Public debt increased from SAR 443.253 billion at the beginning of 2018 to reach SAR 536.954 billion at the end of the second quarter. The financial indicators of the performance of the state's general budget for the first half of the fiscal year 1439/1440 AH (2018) were as follows:

<Total revenues for the first half amounted to SAR 439.851 billion, registering an increase of (43%) compared to the similar period last year. Total expenses for the first half amounted to SAR 481.542 billion, an increase of (26%) compared to the same period last year.

Actual disbursements at the end of the second quarter (first half of the year) amounted to about (49%) of the total estimated budget during the year.

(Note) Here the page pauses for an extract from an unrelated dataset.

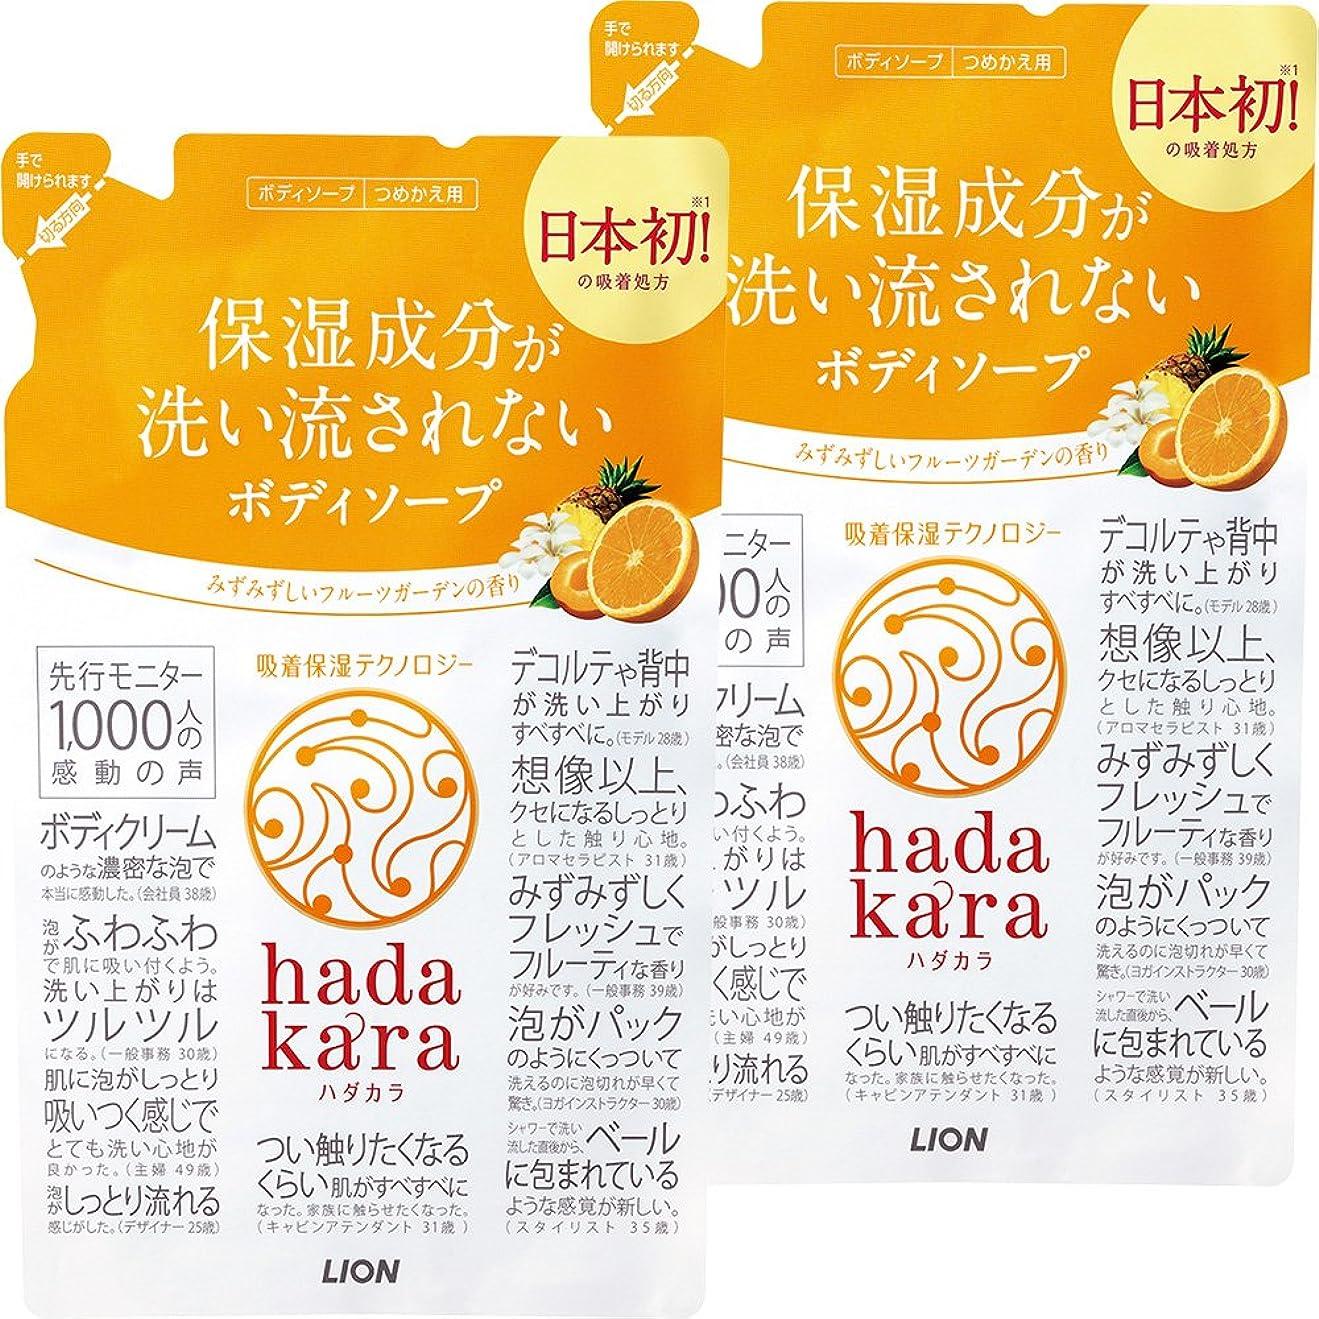 食べる神経衰弱感じ【まとめ買い】hadakara(ハダカラ) ボディソープ フルーツガーデンの香り 詰め替え 360ml×2個パック

The deficit in the first half of the year amounted to SAR 481.542 billion. <The deficit in the first half amounted to SAR 41.690 billion. Sectors of social importance such as education, health, social development, and municipal services received the largest share of expenditures in the first half, amounting to (42%) of the total expenditures.

The deficit in the first half amounted to SAR 41.690 billion. <Commenting on the financial results for the second quarter, His Excellency the Minister of Finance, Mr. Mohammed bin Abdullah Al-Jadaan, said: “The announced financial figures on the budget performance for the second quarter of this year reflect the improvement in the performance of public finances, and the continued efforts to implement our reform plans.”

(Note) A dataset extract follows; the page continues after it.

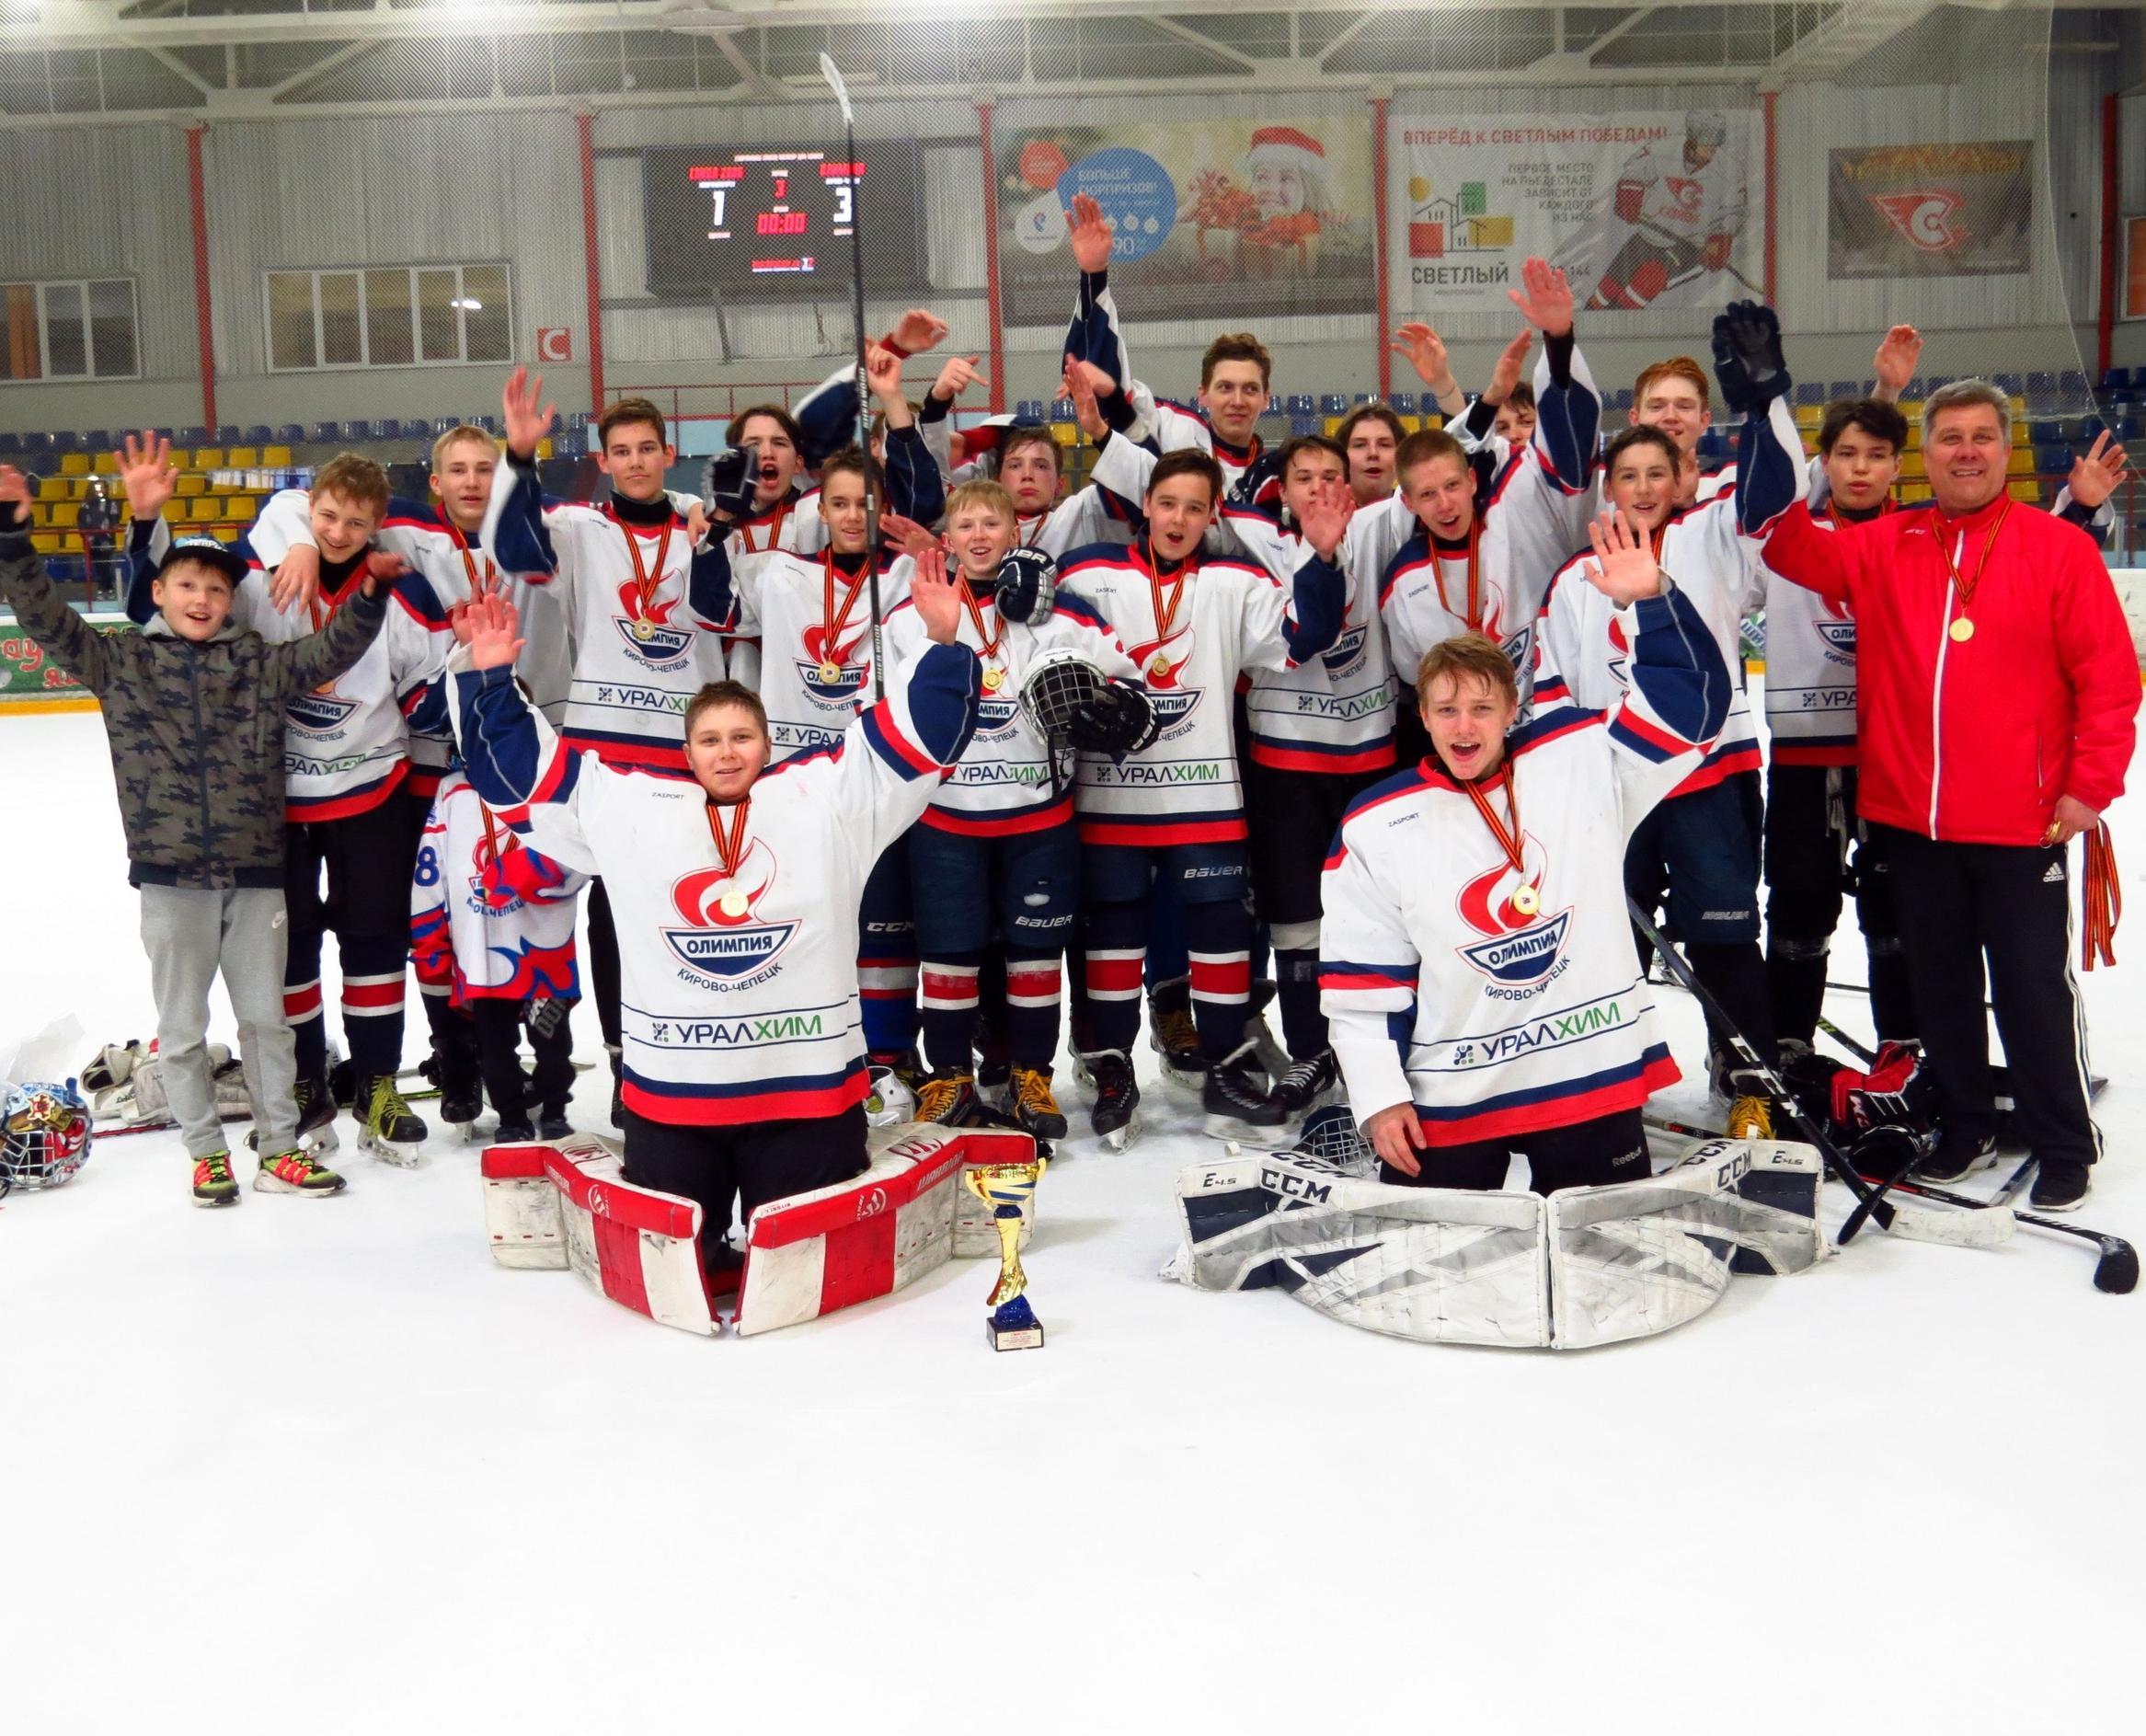 Юные хоккеисты из Чепецка выиграли кубок новочебоксарского хоккейного турнира

<and economic reforms aimed at economic diversification and achieving financial sustainability." His Excellency stressed that the Ministry of Finance works together with other government agencies through continuous coordination of efforts to harmonize policies and measures to support the Kingdom's macroeconomic stimulation and to achieve the objectives of the fiscal balance program.

His Excellency stressed that the Ministry of Finance works together with other government agencies through continuous coordination of efforts. His Excellency pointed out that the improvement in fiscal performance was also accompanied by an improvement in economic performance, as real GDP grew by (1.2%) during the first quarter of this year, and the growth of the non-oil sector was (1.6%).

The preliminary economic indicators show that the Kingdom's macroeconomic indicators are in line with the Kingdom's macroeconomic growth rate, and the objectives of the fiscal balance program. <Preliminary economic indicators show that economic activity continued to improve in the second quarter of this year, especially private consumption. Point-of-sale operations and cash withdrawals increased during the period, as well as for private investment, the PMI performance saw progress, and private credit in the second quarter recorded positive growth for the first time since the first quarter of 2017. These indicators give a positive outlook that reinforces optimism that the GDP performance will continue to improve in the second quarter, supported by improved levels of government operational and investment spending, as well as the recovery of global oil markets.

In this context, he welcomed the improvement in the monetary policy for the period, as well as private investment. <In the same context, Minister Al-Jadaan welcomed the contents of the IMF report following the Article IV consultations for 2018, which are largely consistent with the budget performance indicators, in terms of the significant improvement in public finance conditions that contributed to reducing the fiscal deficit, growth in non-oil revenues, increasing spending efficiency, progress in strengthening the medium-term fiscal framework, increasing transparency, and developing macro-fiscal analysis. Also, the progress made in implementing the reform programs within Vision 2030 and their positive repercussions on the Kingdom's economic situation, which led to raising the economic growth forecast for the current year and the positive economic outlook.